Baltimore Sun

Bridge Play

- Frank Stewart

West dealer

Both sides vulnerable

Unlucky Louie has been successful in business if not at bridge.

“Did you start out with nothing?” I asked Louie, “or did you have an inheritanc­e?”

“My folks were so poor,”

Louie replied somberly, “that at Christmas, we exchanged glances.”

When Louie was declarer at today’s four spades, he let

East’s king win the first diamond. Louie won the next diamond (not best defense), led the king of trumps to East’s ace and won the trump return.

Louie then took the A-K of clubs and ruffed a club. When

West discarded, Louie led a heart to dummy’s queen. East won and returned a heart, and Louie had to lose a second heart. THIRD CLUB

Louie gave East-West a gift. He makes four spades by exchanging one loser for another. On the third club, Louie should pitch a heart. If West won, Louie would have the rest. When West discards, East can lead a heart, yielding a free finesse, or lead a club, setting up dummy’s fifth club. Either way, Louie gets his 10th trick.

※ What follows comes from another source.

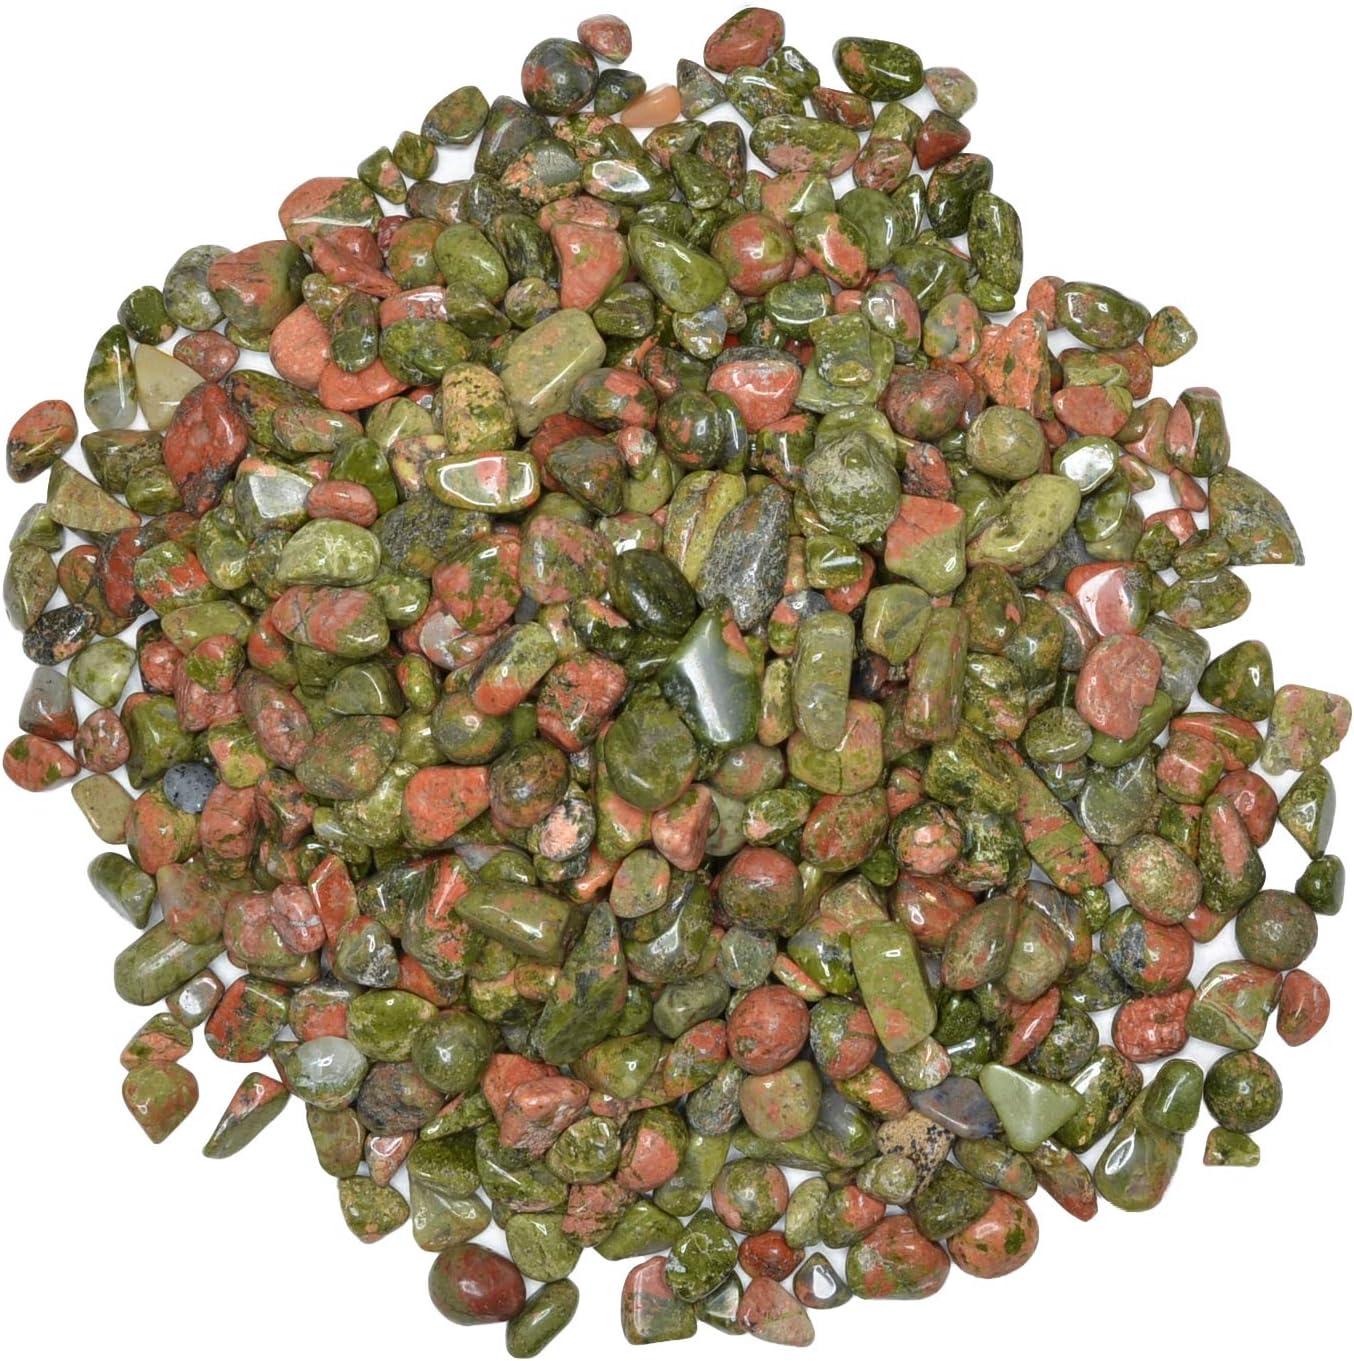 Hypnotic Gems: 18 lbs of Regular dealer Polished Chips Rock Spasm price Unakite wit Natural

This week: loser-on-loser plays.

DAILY QUESTION

You hold: ♠ A9 ♥ KJ76

♦ KJ6 ♣ J 10 8 7. Your partner opens one spade, you respond two clubs and he bids two diamonds. What do you say?

ANSWER: On the informatio­n available, you can place the contract. Bid 3NT. A style in which your two clubs was a game-force might be helpful. You could bid 2NT, forcing. Some players miss the old-fashioned direct 2NT response to describe your hand; most pairs now treat 2NT as a convention­al spade raise.